You're not going to future-proof a computer by spending more money than you need to. My advice to myself: buy a machine that does what you need it to do today.

The 2-1/2 year cycle we were used to until early this century is over, because the hardware reached a plateau that made it usable for many years. Now we're in the early stages of a transition with machine learning taking on an increasing role, so all bets are off.

When you run into the limitations of your current machine, you sell it and buy the next one. Hopefully that'll be in a few years, but if not then hopefully we'll be rich when it's time to upgrade again.


----------



## method1 (Nov 19, 2022)

I wanted 64gb but couldn't get one due to availability at the time of upgrade, no issues with the 32gb max so far, composing is my day job but I don't do heavy orchestral stuff.
Doing 1 cue per project file has basically been no problem.
There have been a couple instances where I have rendered stuff to free up some resources. 
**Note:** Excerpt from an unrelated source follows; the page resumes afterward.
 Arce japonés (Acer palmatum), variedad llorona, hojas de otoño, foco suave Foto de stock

You mentioned not having a heavy template so you should be fine, actually what's turned out to be more important for me is 1TB ssd instead of the stock 512.


----------



## benwiggy (Nov 20, 2022)

cuttime said:


> I come close to using most of the RAM


MacOS will try to use as much RAM as it can, and will usually use all of it, however much you have. After a few hours of uptime, "Memory Used" + "Cached Files" will be equal to your RAM. 

I have 32Gb RAM in my M1 Pro MBP, and memory pressure is always low.


----------



## Nick Batzdorf (Nov 20, 2022)

benwiggy said:


> MacOS will try to use as much RAM as it can, and will usually use all of it, however much you have. After a few hours of uptime, "Memory Used" + "Cached Files" will be equal to your RAM.
> 
> I have 32Gb RAM in my M1 Pro MBP, and memory pressure is always low.
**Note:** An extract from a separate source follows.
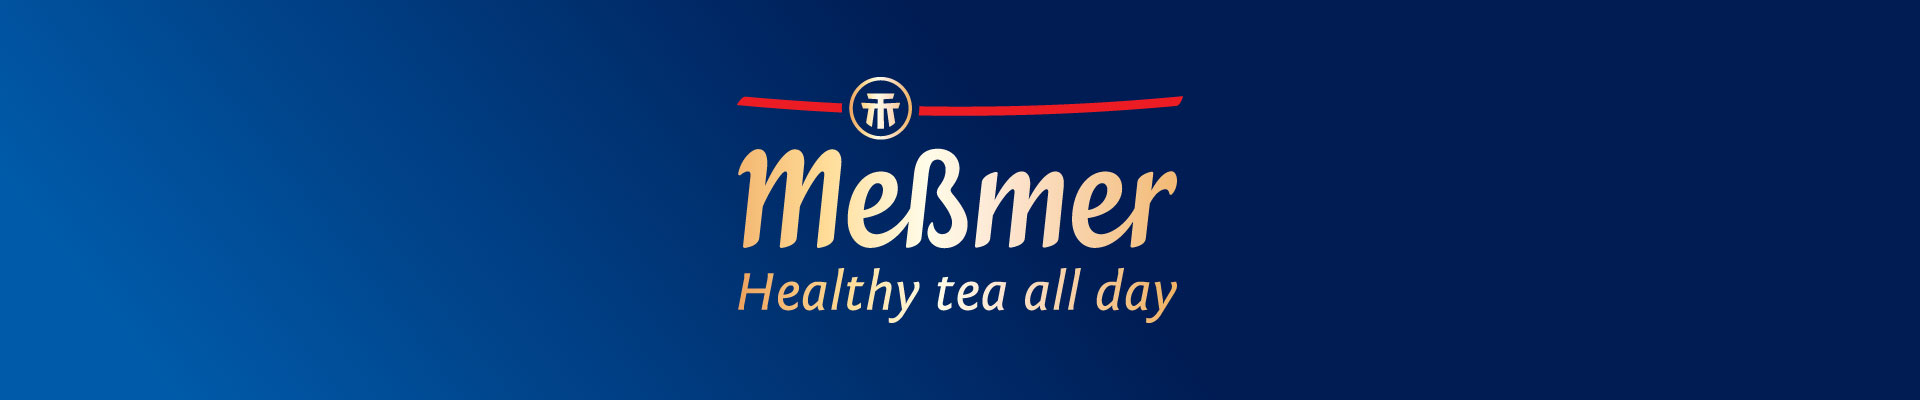 Logo trà túi lọc của đức Messmer - trà Mebmer

I've never seen that behavior with 64GB installed, in either my previous or current machines.

Maybe it does that but only to a point?

I do know that macOS doesn't use the same amount of RAM for the same things twice in a row, but it's within a range.


----------



## benwiggy (Nov 20, 2022)

Nick Batzdorf said:


> I've never seen that behavior with 64GB installed, in either my previous or current machines.


Well, if you're not actually using 64Gb, then that would suggest you've paid for too much! 🤣


----------



## gives19 (Nov 20, 2022)

I all depends on what you are doing in your room. For me I had the same Mac Pro Trash Can for almost 10 years and it was pretty solid for me. The only time I had issues were when I started working with Dolby ATMOS and picture. That sort of said I needed to move up along with the fact that as of Venutura release, my 2013 Mac Pro was not supported like other Macs. So that was that. I grabbed a fully loaded Mac Studio ULTRA 128BG of Ram with 4TB of internal storage. Maybe some people only need a lot less, but with what I have going her it made total sense and a lot of colleagues in my field of re-recording mixing and scoring are doing the same. A lot of dub stages are using them also and replacing their older Mac Pros I hear. The only thing you miss is the cards, but they are faster machines and more efficient. It's a toolbox and so far it's been great for me. NO issues at all. Just got it install just a couple of weeks ago. Running Monterey for now as I am not sure about the compatibility with DADMAN Software yet. I'm sure the extra ram debate is maybe down the road not going to be that much of an over expense. I'd rather have it than not, even with the fast Processor. 20CPU with 60 Core GPU which is great for re-renders etc.


----------



## Nick Batzdorf (Nov 20, 2022)

benwiggy said:


> Well, if you're not actually using 64Gb, then that would suggest you've paid for too much! 🤣



Taking kidding seriously, I think you may be missing a few points here.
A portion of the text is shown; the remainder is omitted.